After a moment of silence, he turned and left. The guards at the door looked at him with hopeful eyes, but he just shook his head.
Copper House
Lying in the dark after Jake went to sleep, Lauren discovered that her mind wouldn't quiet, and that all the calming meditative tricks she knew offered her neither stillness nor peace. She got up, found a lamp, and lit it. Instantly the goroths surrounded her, wanting to know what they could get for her or do for her.
She was going to tell them nothing, but they felt as useless as she did—she might as well make someone feel better. "I could really use a big mug of hot tea, and something good to eat."
Two of them scurried off to find her something.
Lauren paced for a bit, and the remaining goroths finally figured out that all this movement didn't mean she was going anywhere anytime soon, and settled in where they could watch her.

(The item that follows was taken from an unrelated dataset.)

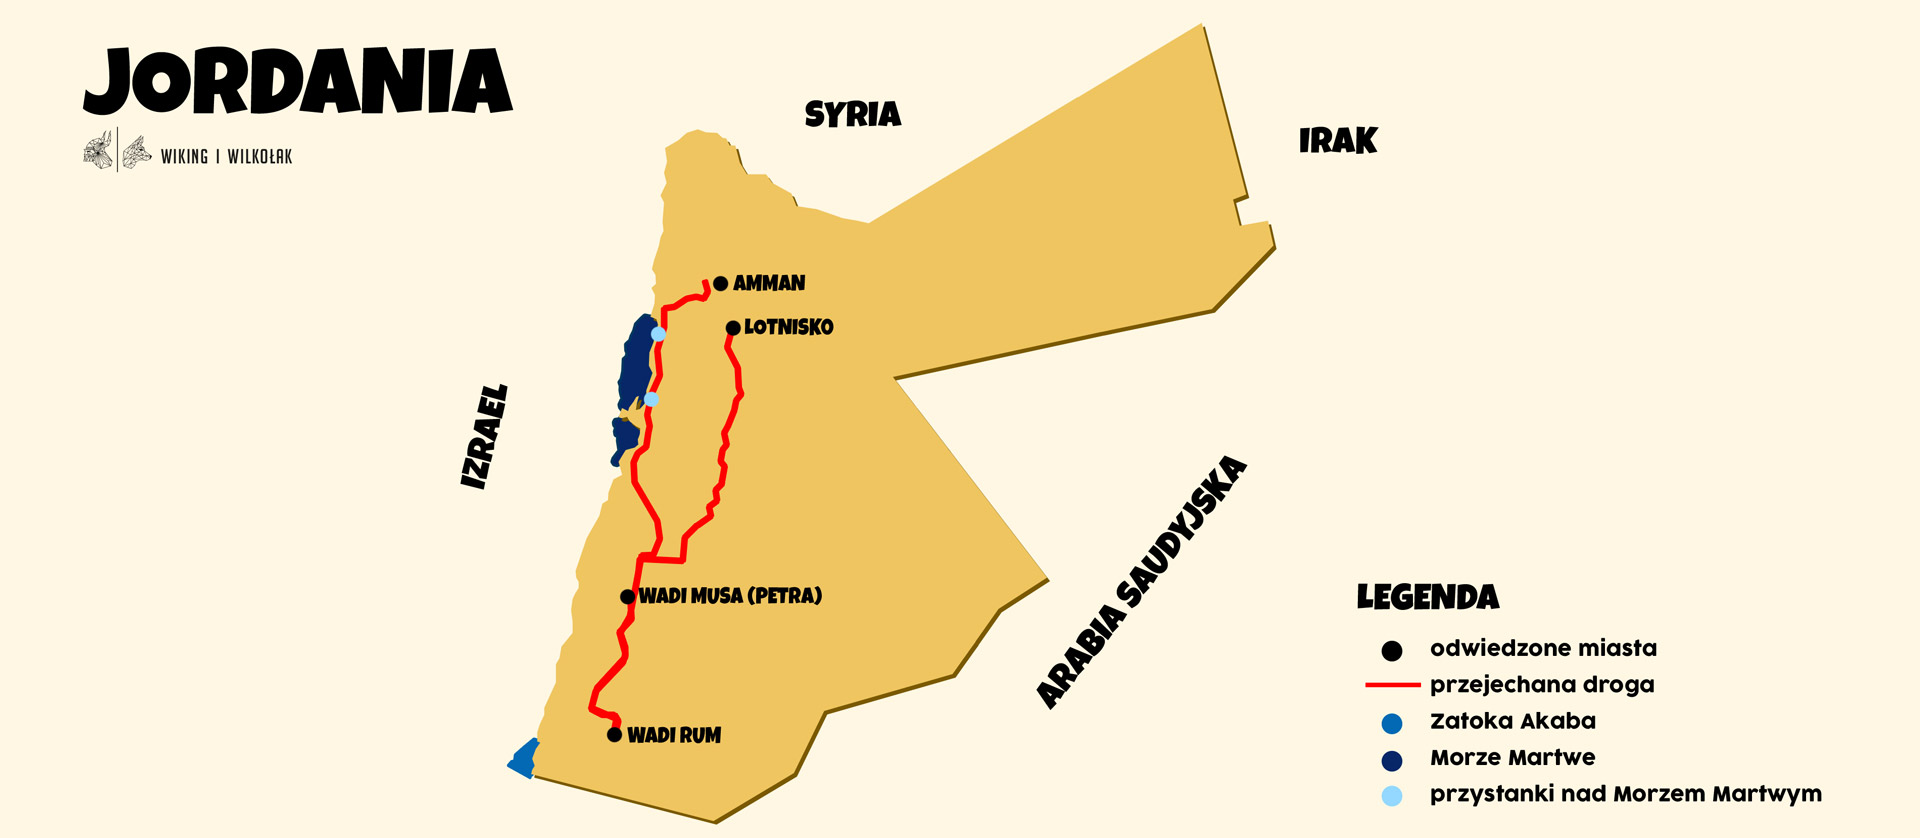 jordania mapa podrozy 2020
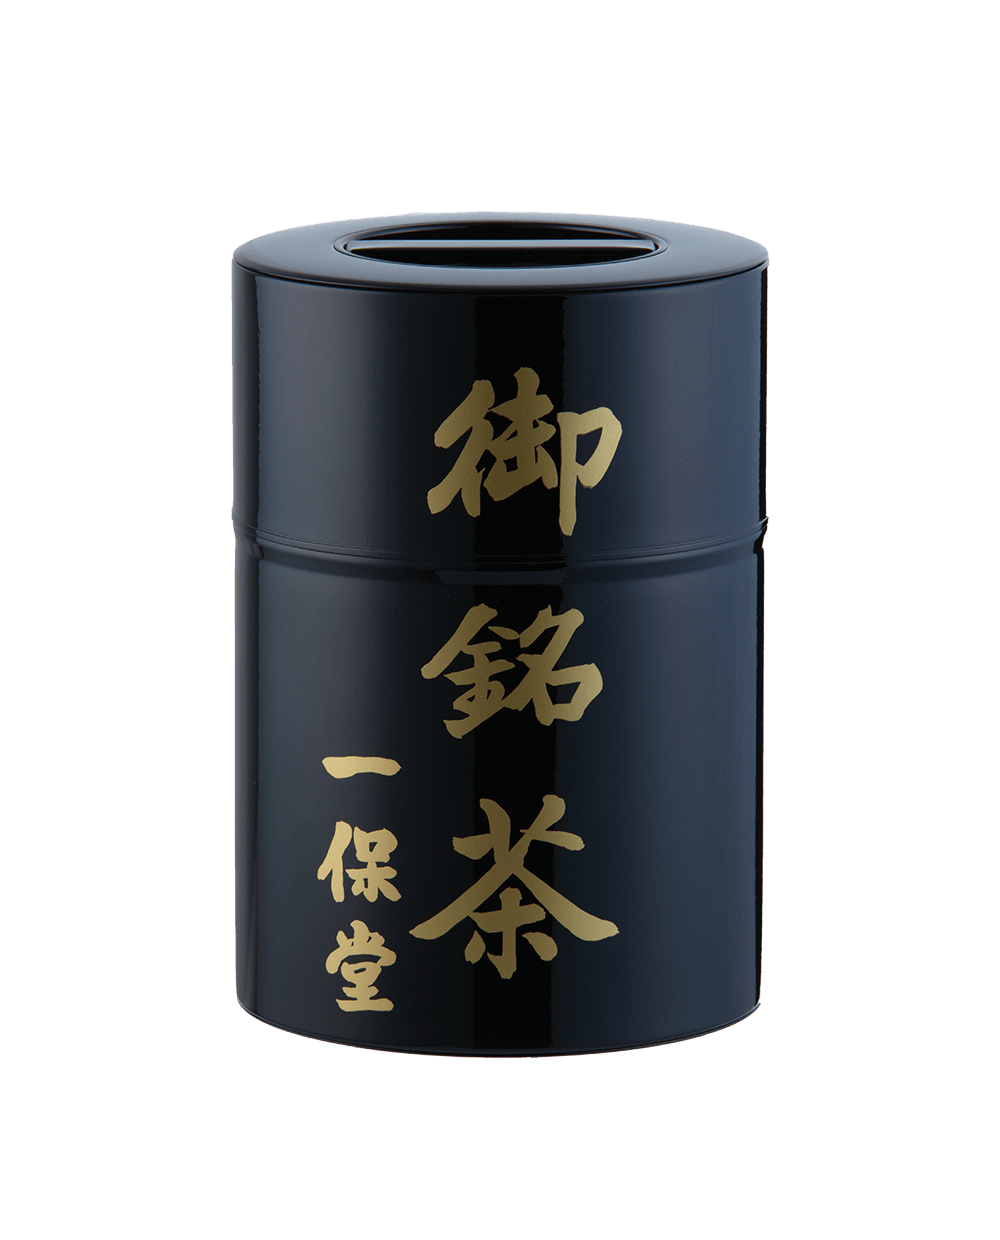 極上ほうじ茶手付き塗り缶箱(200g)

Something worried at the back of Lauren's mind. She paced, trying to knock whatever it was free by dint of constant restless movement. Something about her parents' notebook—a single line written in the margins in an off-colored ink. She'd just glimpsed it and had, for some reason, written it off as her father having a bad day, but now, in the dark of night and with all hope already lost, she couldn't let that line go.
Whose handwriting had it been in? Her father's? Her mother's? Something about that note had been…wrong.
She got the notebook out and started going through it, carefully, page by page. Everything was in there. Her father's neat diagrams for spellcasting equipment that she and Molly were supposed to create and power that would counter the constant downflow of poisoned energy from Kerras. Ideas for chains of stations connected together around each living downworld and linked together—years worth of work for two people, and only Molly could power the thing, and only Lauren could connect it. It all seemed so complicated, so fragile, so doomed to failure. Even had Molly survived, how could they manage the resources, the time, the effort and coordination for such a massive undertaking in time to save their dying world?
But the knot in her gut felt hopeful.
So what in hell had dragged her from bed with a sudden stupid feeling of hope?
Page by page she moved through t
he old notebook, and then, on the outer margin of a page in which her father was complaining bitterly of a failure in one of his experiments, the line she'd been seeking. "It's all bullshit, except for this."
But the marginal line was in her mother's handwriting. Her mother, who in Lauren's entire life had never uttered a word that might even be mistaken for a curse word. Marion did not even say, "Heck," for heck was simply a substitute for Hell. She did not say "darn." She did not say "jeez" or "sheesh." And she most assuredly had never uttered the word "bullshit" in anyone's hearing except, perhaps, for God.
This had been a woman who didn't fart.
It's all bullshit, except for this.
Her mother's handwriting, formed by the Palmer method and ingrained from years of teaching it to resistant fifth-and sixth-graders, could in no way be mistaken for her father's narrow, heavy-fisted scrawl. Lauren could tell whether her mother or father had written a passage in the dark, just by running her finger along the back side of the paper. If it felt like Braille, her father had written it. So the words were her mother's, and yet they weren't.